Fukui Airport (福井空港, Fukui Kūkō) is a public aerodrome located 5.0 NM north of Fukui Station in the city of Sakai, Fukui Prefecture, Japan. It is also referred to as Harue Airport (春江空港, Harue Kūkō) from its location in the former town of Harue.

==History==
Work began on Fukui Airport in 1964, and the airport was opened in 1966, with All Nippon Airways (ANA) proving regularly scheduled services using a Fokker F-27 to Haneda Airport in Tokyo, with flights once or twice a day. The NAMC YS-11 replaced the F-27 on this route from April 1, 1972. However, the airport suffered from competition by nearby Komatsu Airport, whose longer runway could accommodate jet aircraft. Services between Fukui and Nagoya commenced from December 1, 1974 but all scheduled commercial flights were discontinued due to lack of passengers from March 1976. In 1985, the Fukui Prefectural government announced a plan to lengthen the runway at Fukui Airport to 2000 m, and despite strong local opposition, a budget for the expansion was secured in the nation's 1986 Fifth Airport Improvement Budget. Local opposition remained strong, and improved bus and train connections to Komatsu Airport resulted in less and less passengers to Fukui Airport.
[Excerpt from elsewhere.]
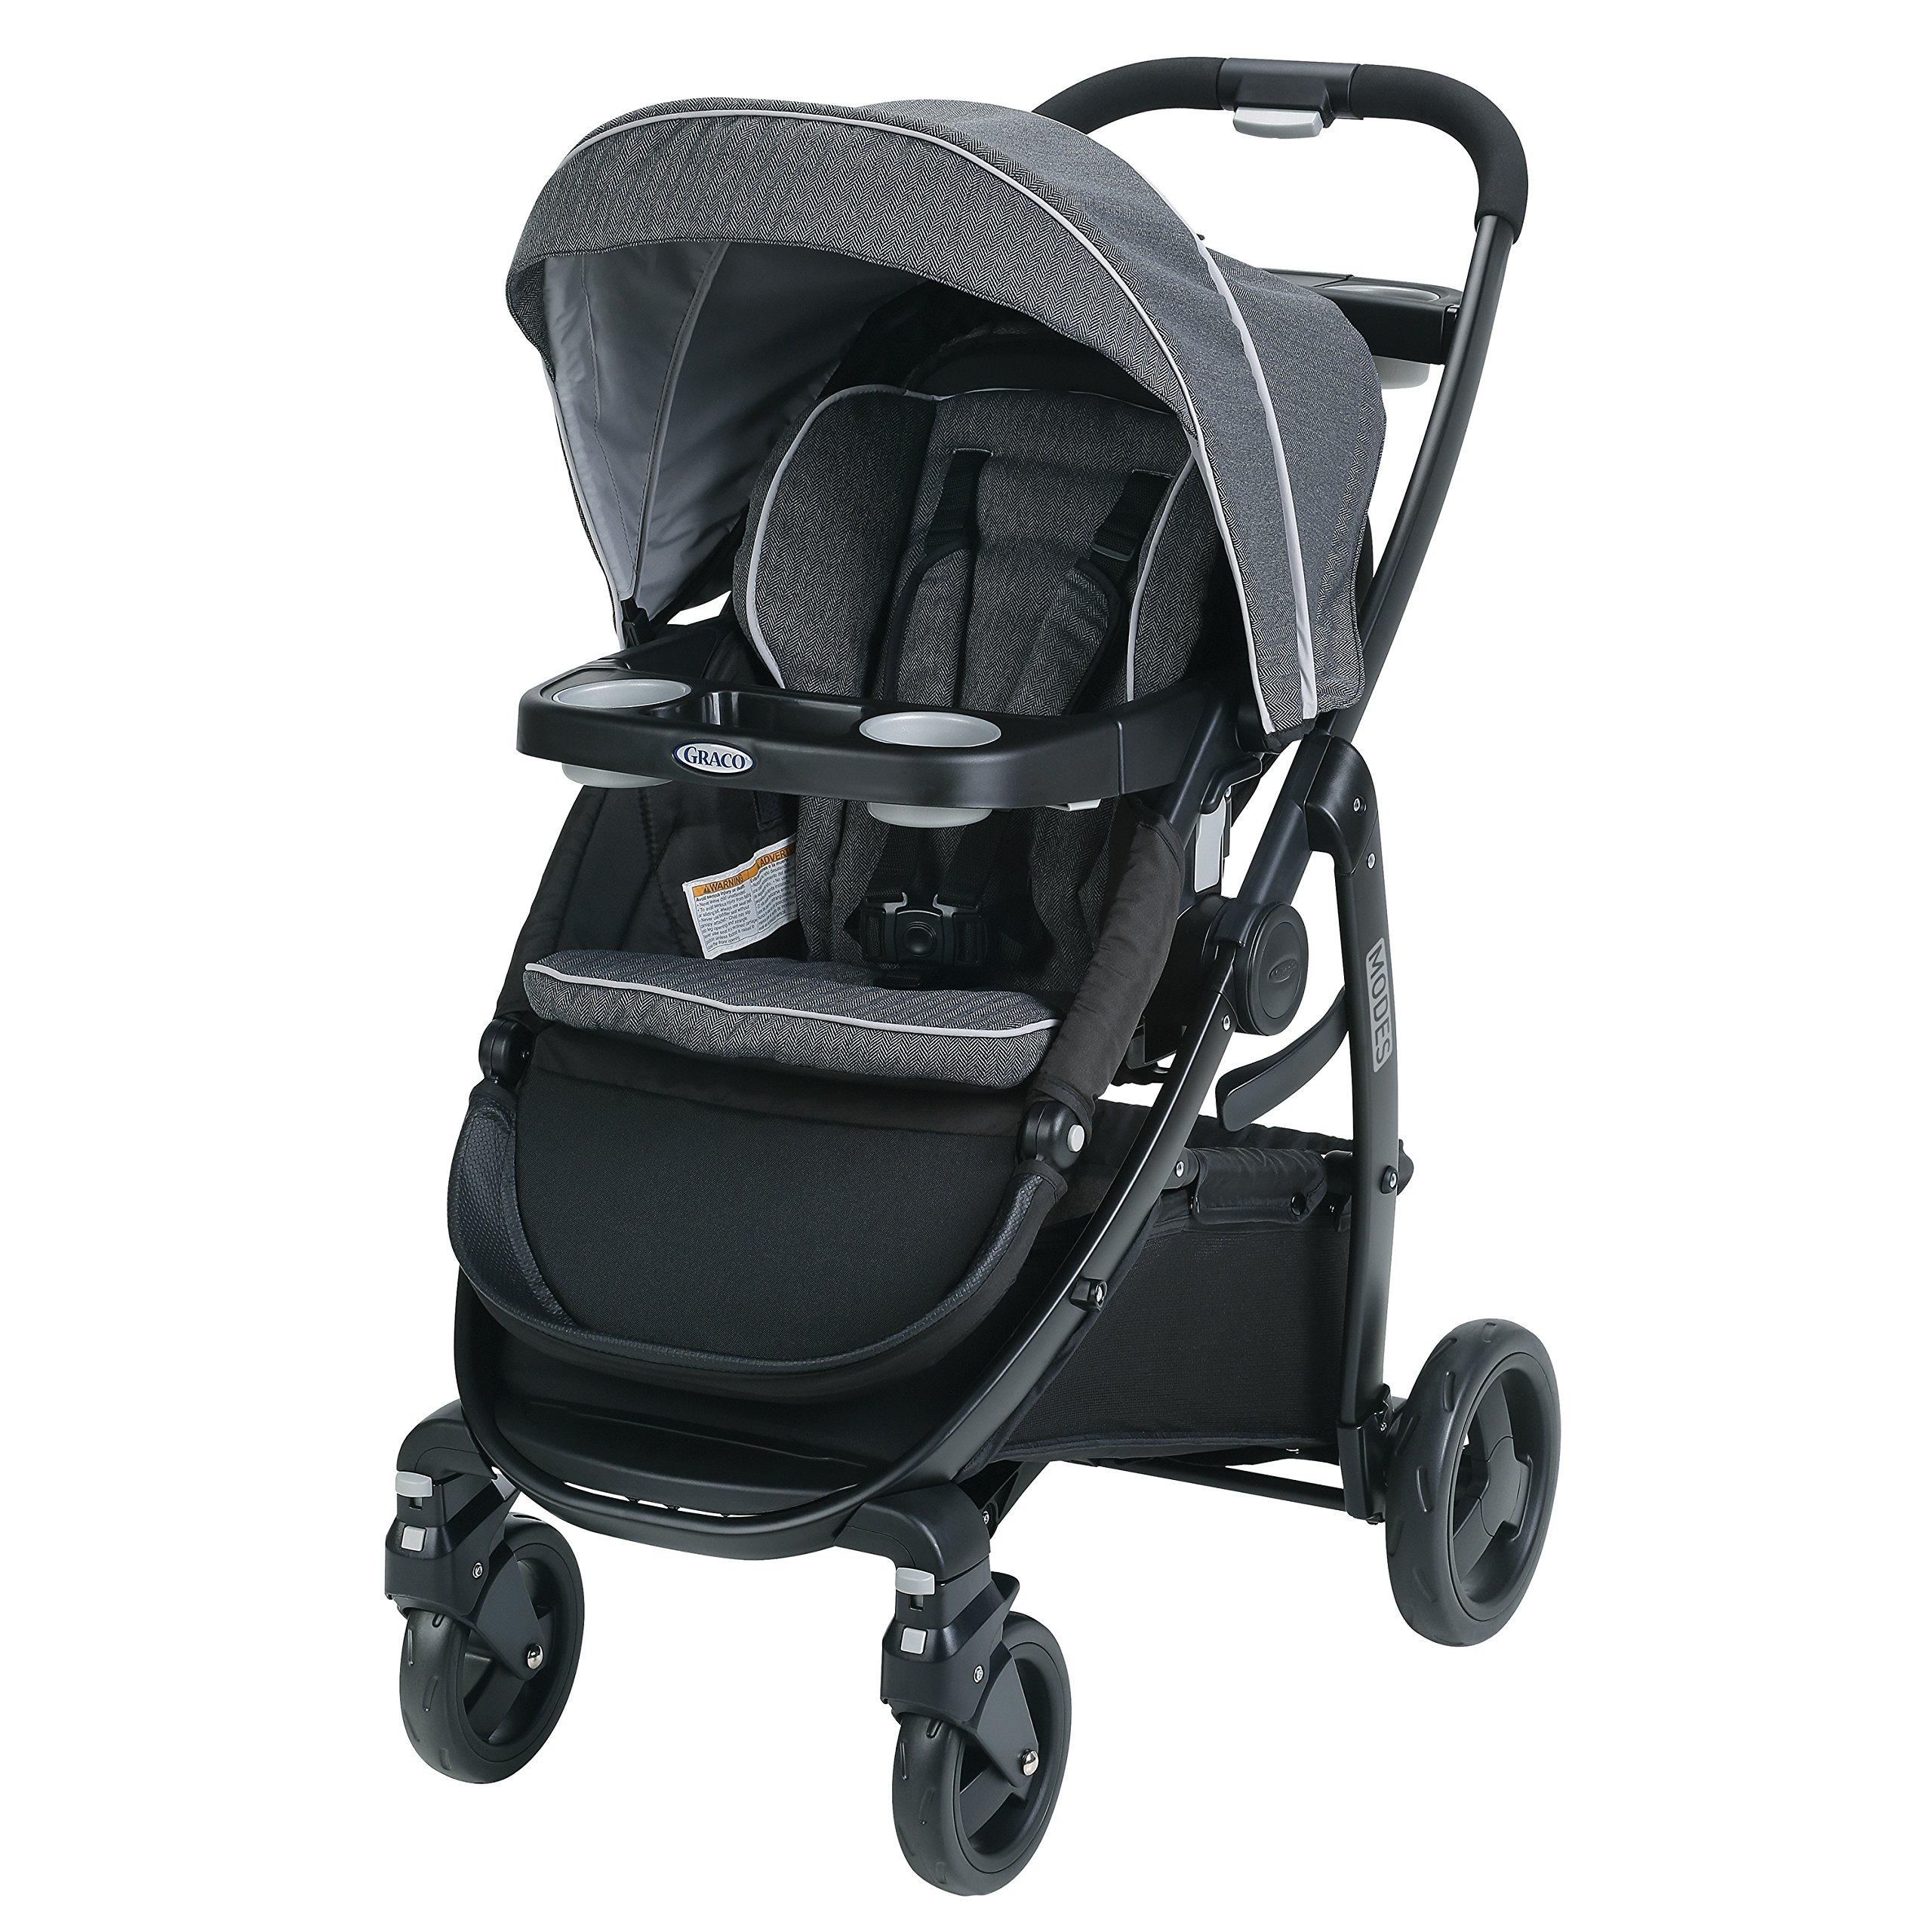 Graco Modes Stroller, Click Connect, Grayson

In 2001, the runway expansion project was shelved, and in June 2003 was cancelled in favour of pushing for completion of the Hokuriku Shinkansen high speed train. From October 2006, flight operations at Fukui Airport were transferred to the jurisdiction of the Chubu Centrair International Airport in Nagoya.

==Current situation==
Fukui Airport is currently used primarily for general aviation, and the aviation department of many universities conduct training operations here. Also, the airport is a center for glider sports, with a glider competition held annually. The Fukui Prefectural Police operates a Eurocopter EC135 and the Fukui Prefectural Fire Department operates a MBB/Kawasaki BK 117 from Fukui Airport.